Exercise aim >> An exact transcription of all the records is required, minus the images.

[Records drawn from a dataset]
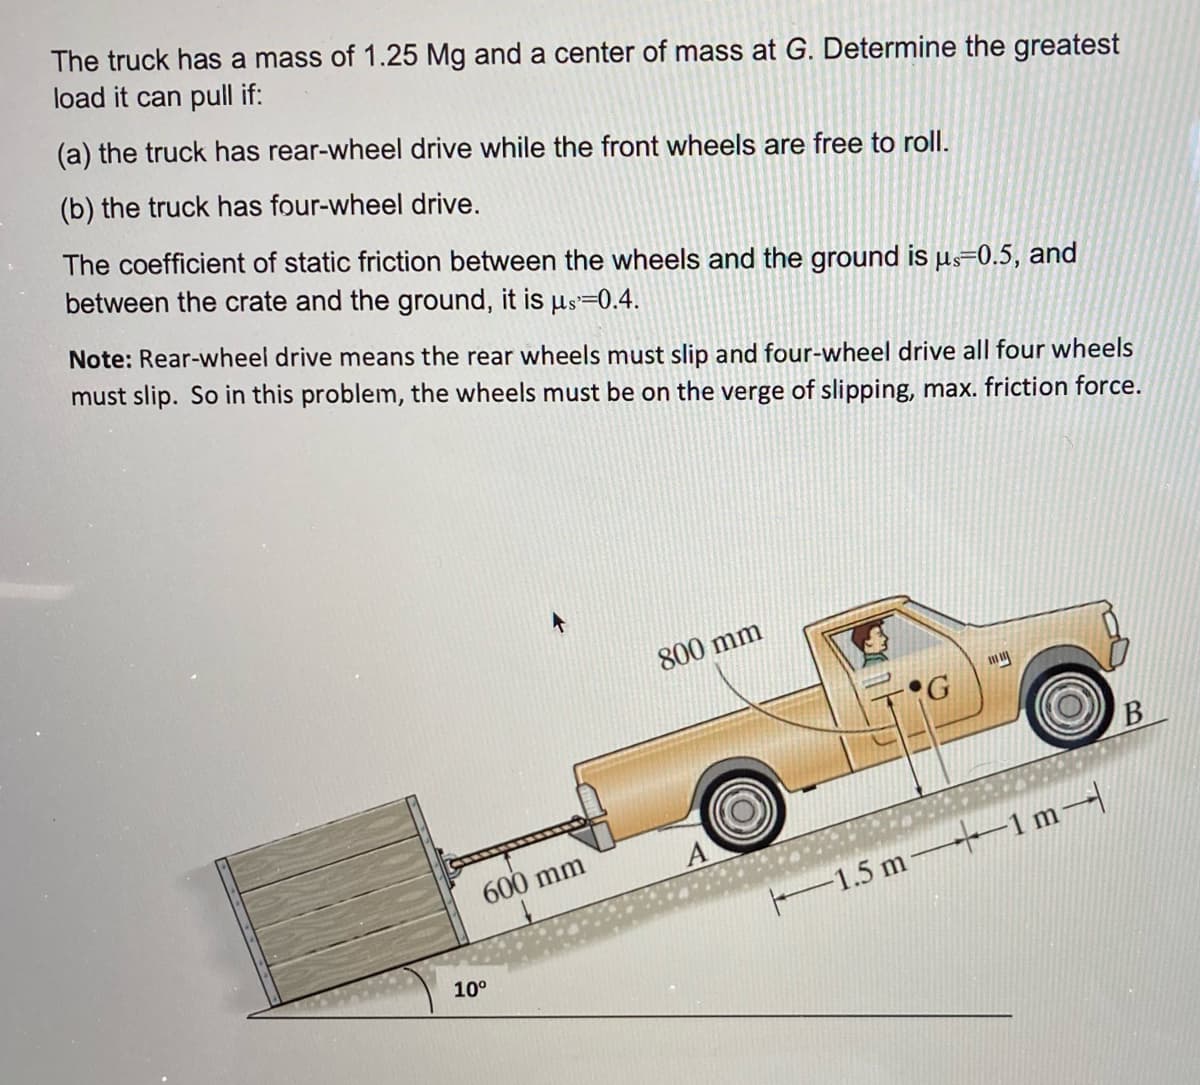 The truck has a mass of 1.25 Mg and a center of mass at G. Determine the greatest
load it can pull if:
(a) the truck has rear-wheel drive while the front wheels are free to roll.
(b) the truck has four-wheel drive.
The coefficient of static friction between the wheels and the ground is µs=0.5, and
between the crate and the ground, it is us=0.4.
Note: Rear-wheel drive means the rear wheels must slip and four-wheel drive all four wheels
must slip. So in this problem, the wheels must be on the verge of slipping, max. friction force.
800 mm
600 mm
F1.5 m--–1 m
10°

Solution >>
 The truck has a mass of 1.25 Mg and a center of mass at G. Determine the greatest
load it can pull if:
(a) the truck has rear-wheel drive while the front wheels are free to roll.
(b) the truck has four-wheel drive.
The coefficient of static friction between the wheels and the ground is µs=0.5, and
between the crate and the ground, it is us=0.4.
Note: Rear-wheel drive means the rear wheels must slip and four-wheel drive all four wheels
must slip. So in this problem, the wheels must be on the verge of slipping, max. friction force.
800 mm
600 mm
F1.5 m--–1 m
10°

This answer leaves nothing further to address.